As I aim to show here, dealing with cryptozoologists can be a frustrating, even infuriating, business. As most people interested in mystery animal research will know, Michael Woodley, Cameron McCormick and myself recently argued that an alleged ‘baby Cadborosaurus’ was very likely no baby sea-serpent at all, but rather a mangled and half-remembered description of a pipefish (Woodley et al. 2011). We tabulated the various observations reported by the witness (William Hagelund), compared them to lists of characters compiled by examining numerous candidate species, and showed as clearly as possible that the pipefish identification is the one that best matches Hagelund’s observations. In other words, we did our best to examine the identity of the alleged creature in an empirical, critical fashion (Woodley et al. 2011). As I explained last time round, we have to remember that Hagelund wrote up his description of the encounter about two decades after it actually occurred, and that he did not ascribe the various ‘cadborosaur’ traits to his animal that the primary supporters of ‘Cadborosaurus’ (Edward Bousfield and Paul LeBlond) said that he did.

Round 2

Most researchers were/are generally happy with our contention. But, perhaps unsurprisingly, I learnt from personal communication that Bousfield and LeBlond were not so happy. Essentially, they regarded our pipefish hypothesis as a non-starter hardly worthy of consideration. In a terse published response, provocatively titled ‘Pipefish or pipe dream?’, they accused us of “indulg[ing] in the common home-quarterbacking habit of insisting that anything described as different must be an erroneous description of something found in a book that vaguely looks like it” (Bousfield & LeBlond 2011, p. 779). I’ve no idea at all what a “common home-quarterbacking habit” is, and frankly the rest of the article isn’t much better. Bousfield & LeBlond (2011) cite Woodley et al. as “Naish and colleagues”, as if they weren’t paying attention, say that Hagelund’s ‘baby’ is grossly different from a pipefish and better matches ‘Cadborosaurus’, and even claim that employment of Occam’s Razor strengthens their hypothesised identification and bolsters rejection of ours (Bousfield & LeBlond 2011).

Round 3

Somewhat unhappy with the tone of Bousfield & LeBlond’s (2011) article, Michael, Cameron and I elected to produce a response (Woodley et al. 2012). Bousfield & LeBlond (2011) made three main points that require riposte. Firstly, they honestly thought that “by attempting to dismiss our pipefish identification, they had completed their task of critiquing our paper” (Woodley et al. 2012, p. 143). We find this dismissal premature and naïve, since – even if the pipefish hypothesis is deemed unsatisfactory – we (Woodley et al. 2011) drew attention to several other fish taxa that are more similar to Hagelund’s animal than is Bousfield and LeBlond’s reconstruction of ‘Cadborosaurus’.

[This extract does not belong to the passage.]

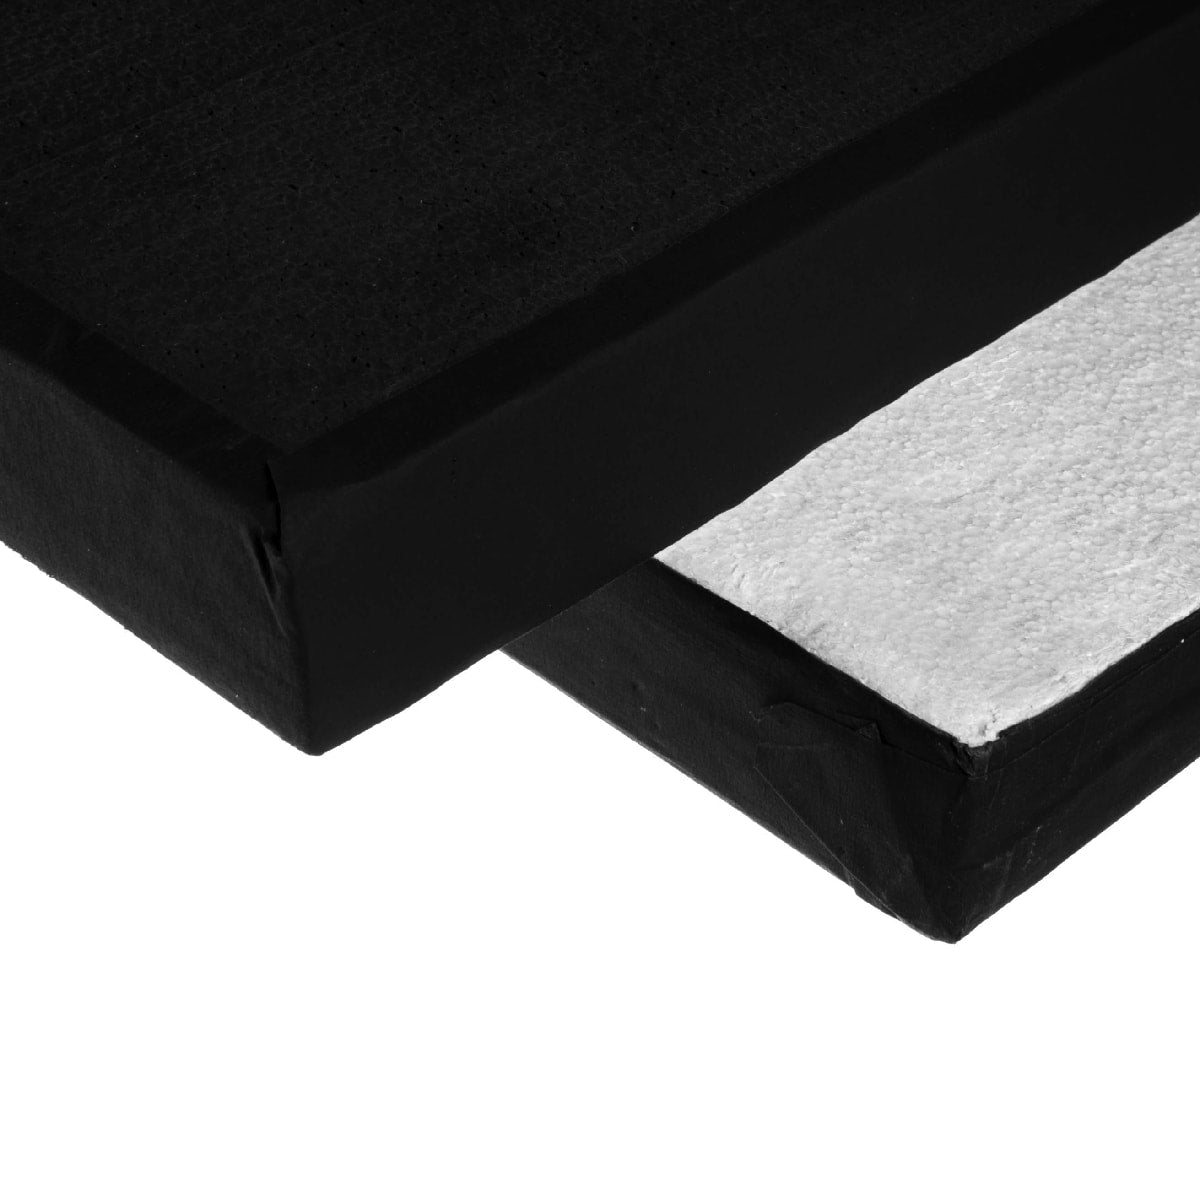  Polyboard black/white 120 x 300 cm / 4 x 10'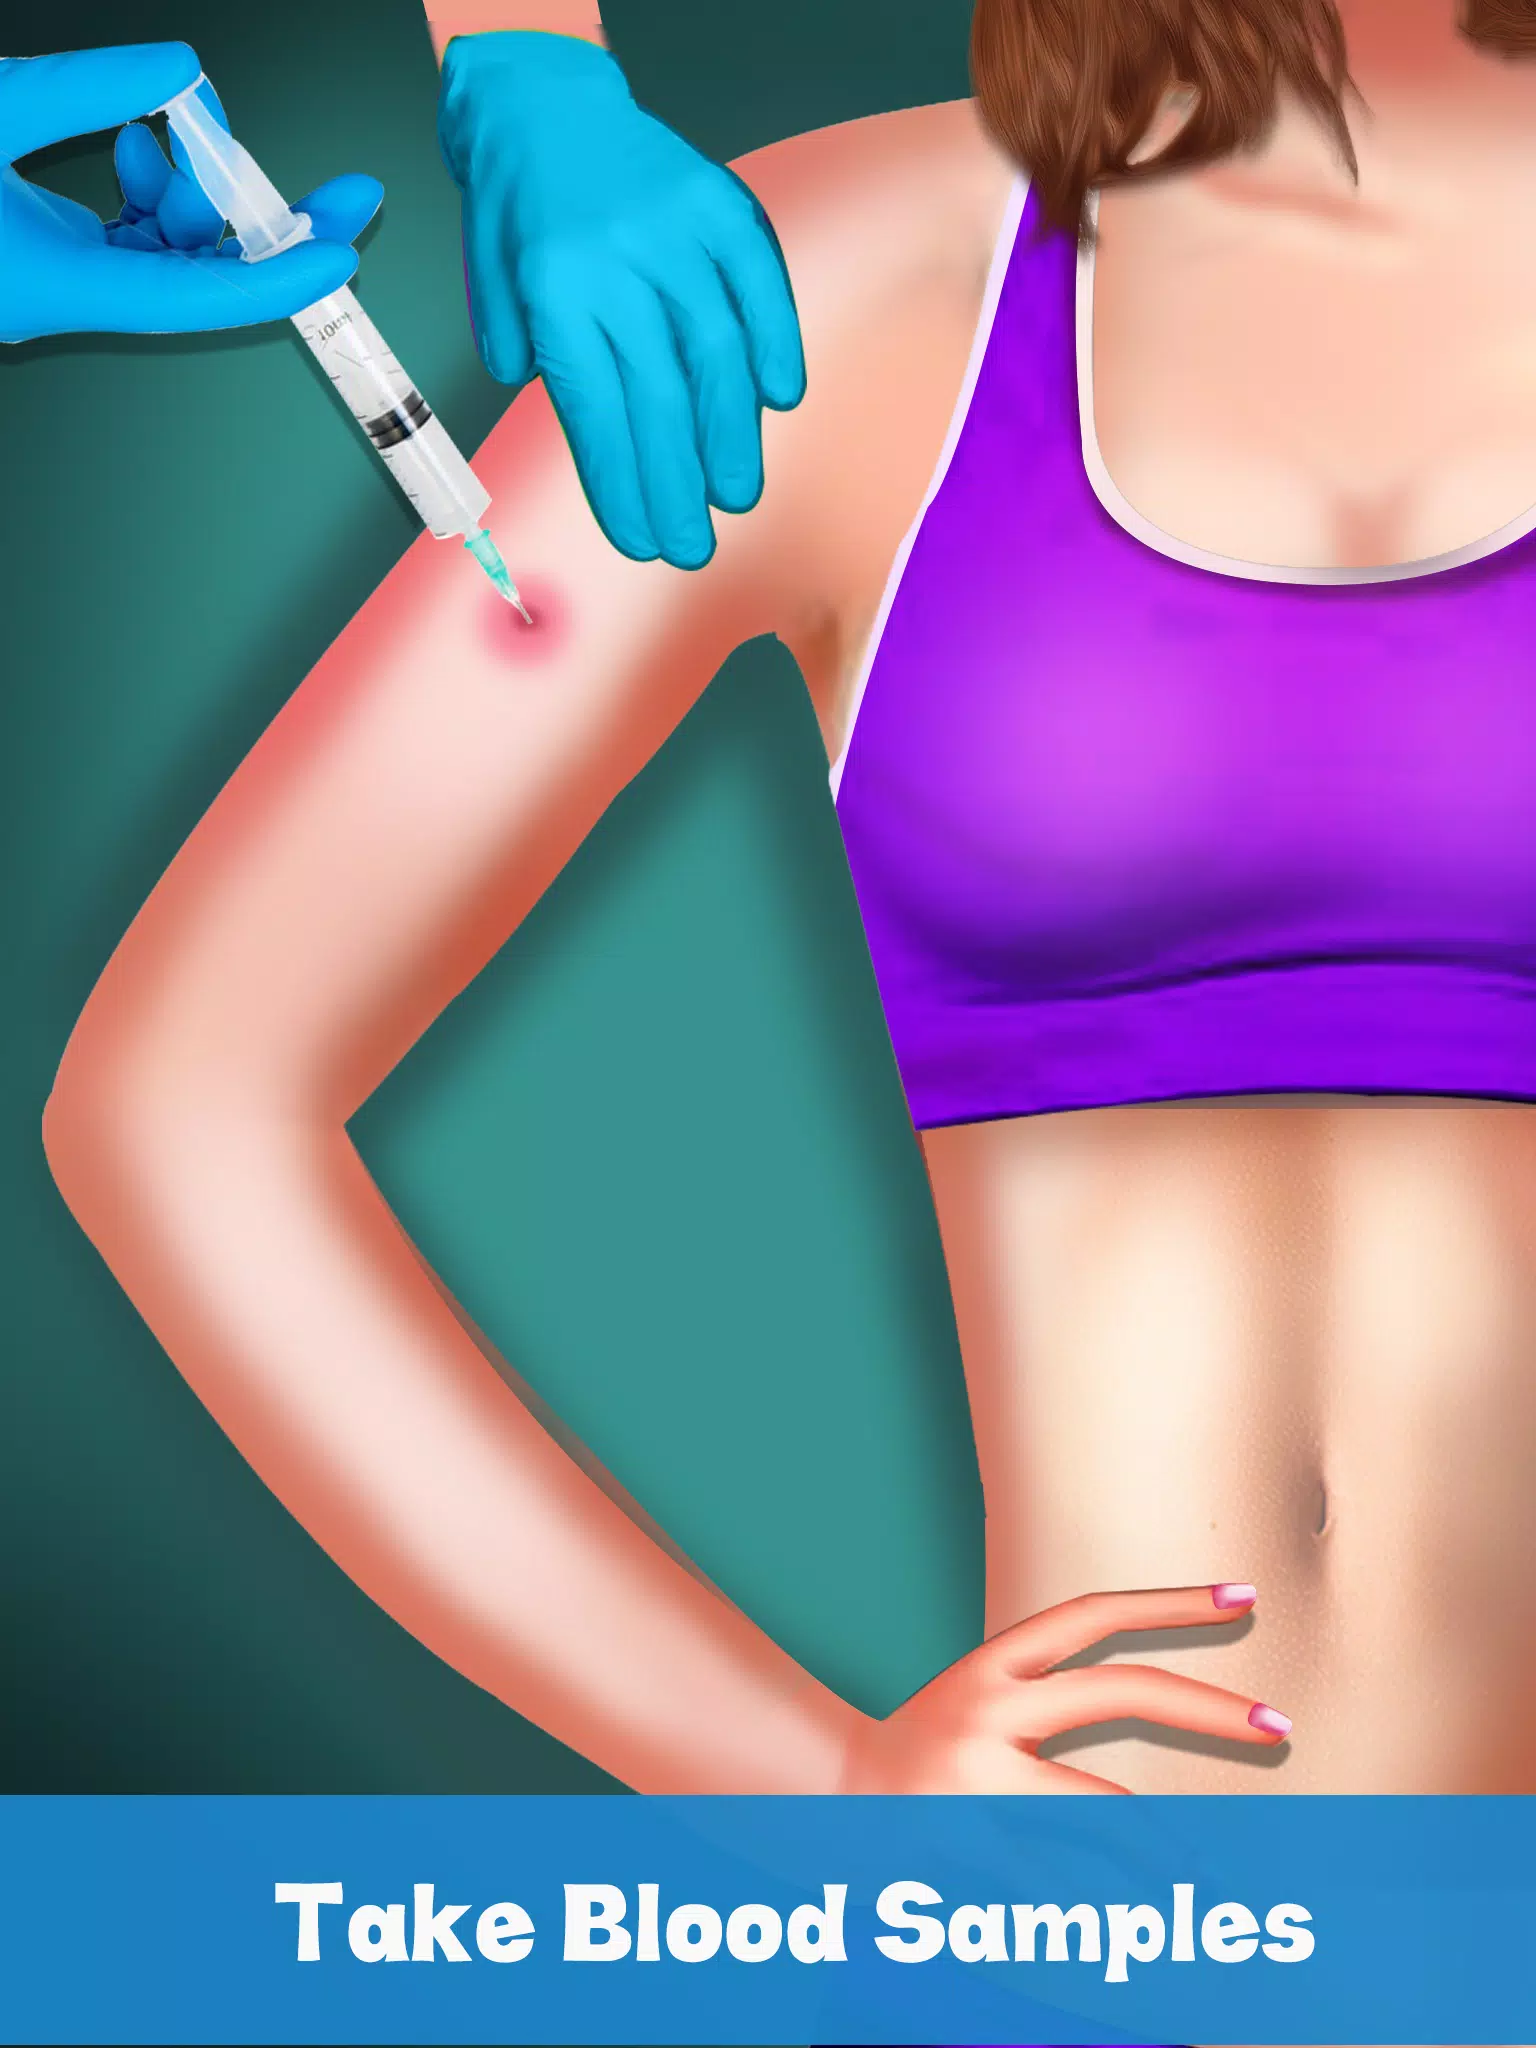 Simulador de médico de injeção – Apps no Google Play

Secondly, Bousfield & LeBlond (2011) argued that the Hagelund animal couldn’t be a pipefish due to the presence of an obvious neck, a horizontally aligned tail, large jaws and so on. However, they were apparently unable to appreciate or understand that the un-pipefish-like features they refer to were not reported or described by Hagelund at all. Furthermore, as I said above, Hagelund wrote about his encounter about two decades after it supposedly happened, and it again seems naïve to assume without caveat that the features he described were 100% accurate.

Thirdly, Bousfield & LeBlond’s (2011) claim that Occam’s Razor demands that their ‘baby sea serpent’ interpretation be taken more seriously than our ‘misidentified pipefish’ hypothesis is laughable. You can read our response in full to see how we dealt with this claim (Woodley et al. 2012). You might be able to guess.

Round 4

Bousfield and LeBlond will not, it seems, be responding further in print.

But after receiving a series of emails from an apparently frustrated Ed Bousfield, I feel it’s time to say publicly that the published work on ‘Cadborosaurus’ is terrible science and more to do with the imagination and preconceptions of the protagonists than anything to do with actual biology.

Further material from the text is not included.